Fresh Snow: ONE
Hand Drawn Dracula

How critical is it for a band to present a coherent identity? Is an equally credible strategy for a group to resist genre identification and shapeshift from one song to the next? Such questions arise as I listen to Fresh Snow's ONE, the second full-length album by the Toronto-based “instrumental kraut-noise-psych rock quartet” whose 2013 debut album I was nominated for the Polaris Music Prize. Issued in vinyl and digital formats and recorded in a rural Ontario barn, the group's follow-up to 2015's EP WON augments core members Brad Davis (guitar, keyboards), Andy Lloyd (bass, keyboards), Tim Condon (keyboards, guitars), and Jon Maki (drums) with contributions from Laura C. Bates (violin) and Mila Petkovic (voice).

As “Olinda,” “January Skies,” and “I Can't Die” play, faint echoes of Faust, Sonic Youth, LCD Soundsystem, Stereolab, Pink Floyd, and The Cult fill the air; the silken synths and vocals in “Mass Graves / Dance Caves,” on the other hand, suggest some Pet Shop Boys-and-Heaven 17 collaboration. Allusions to other artists aside, there's no denying the punch-and-thrust of Fresh Snow's attack, soundly announced when a vicious guitar stab detonates the krautrock pulse of “Olinda.”

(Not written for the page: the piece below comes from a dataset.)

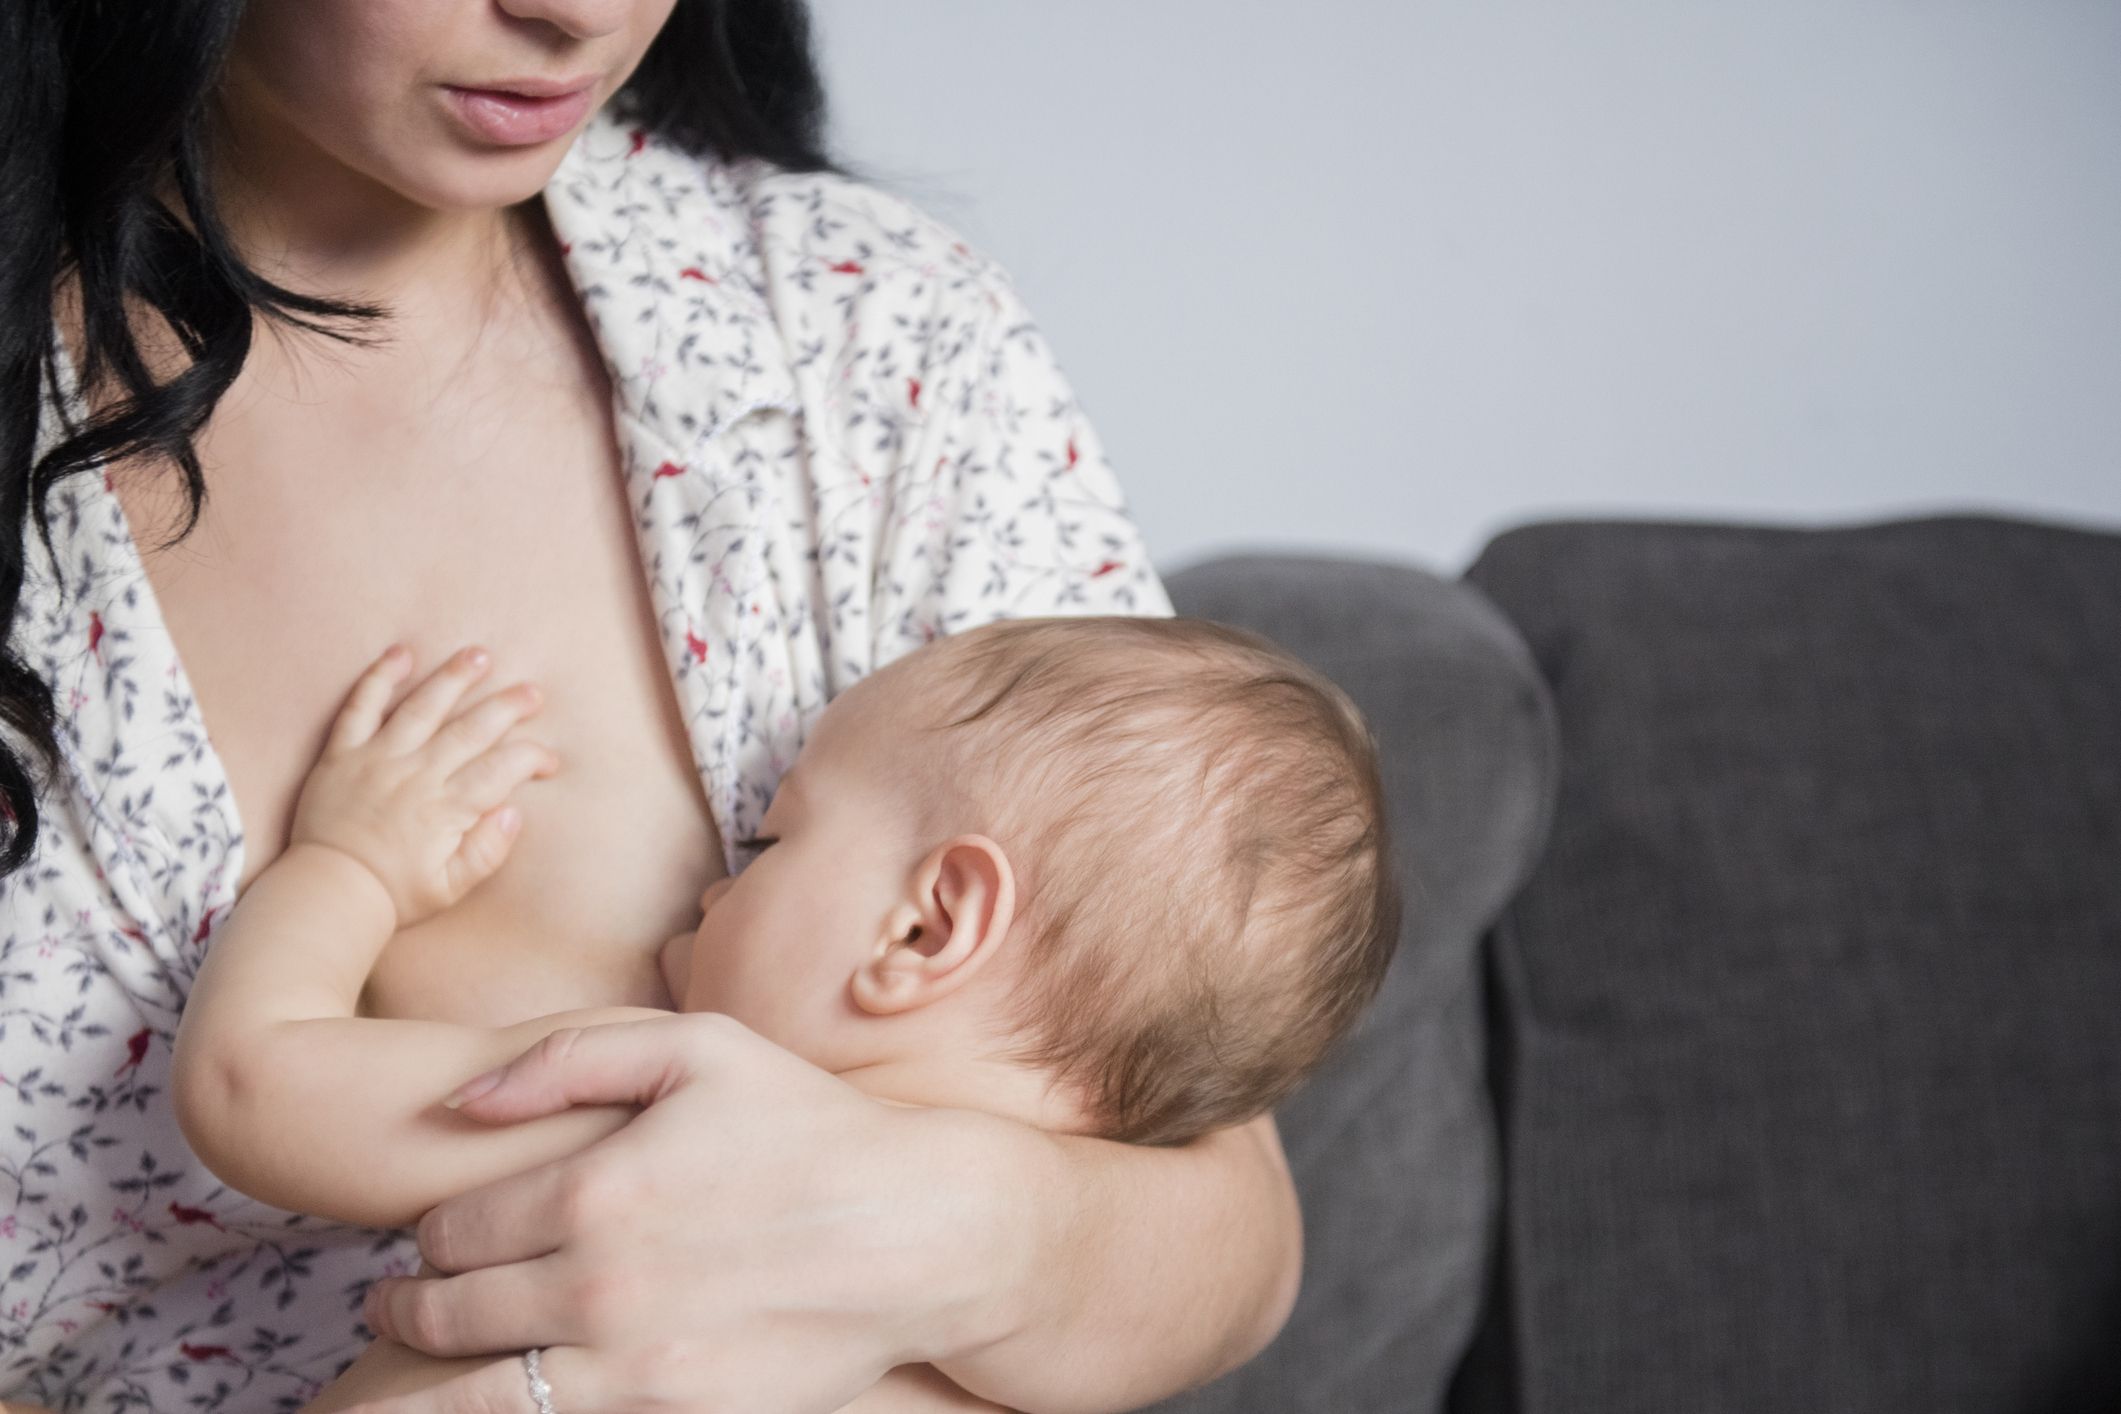 Transgender Woman Breastfeeds Baby In First Recorded Case

Whilst there's enough shredding, noise, and dissonance present to keep any post-punk aficionado happy, there are also funky, synth-smeared grooves and ponderous ambient-styled meditations. Hints of prog surface during the mellotron-laced “I Am Smitten With Your Wrath,” Petkovic's vocal presence gives the synth-pop of “Three-Way Mirror” an appealing French twist, and the band even makes room for a pretty, piano-based vignette (“Eat Me In St Louis”). ONE could conceivably be heard as Fresh Snow auditioning for a spot on Constellation or kranky, so natural a fit would the adventurous band be for either label.

By the time the nine songs end, you'll either regard the quartet as one whose identity's a work-in-progress or perhaps a band that's simply content for its sound to remain eclectic and multi-faceted. Every song presents a slightly different version of Fresh Snow, it seems, even if all of its influences, from synth-pop and krautrock to noise and punk, surface over the course of the album. It's natural for a band's influences to be close to the surface on its first few recordings, and perhaps Fresh Snow will evolve to sound progressively more like itself the longer it exists. But even if ONE sometimes sounds like a band in the process of figuring out what it wants to be, the ride's never less than entertaining.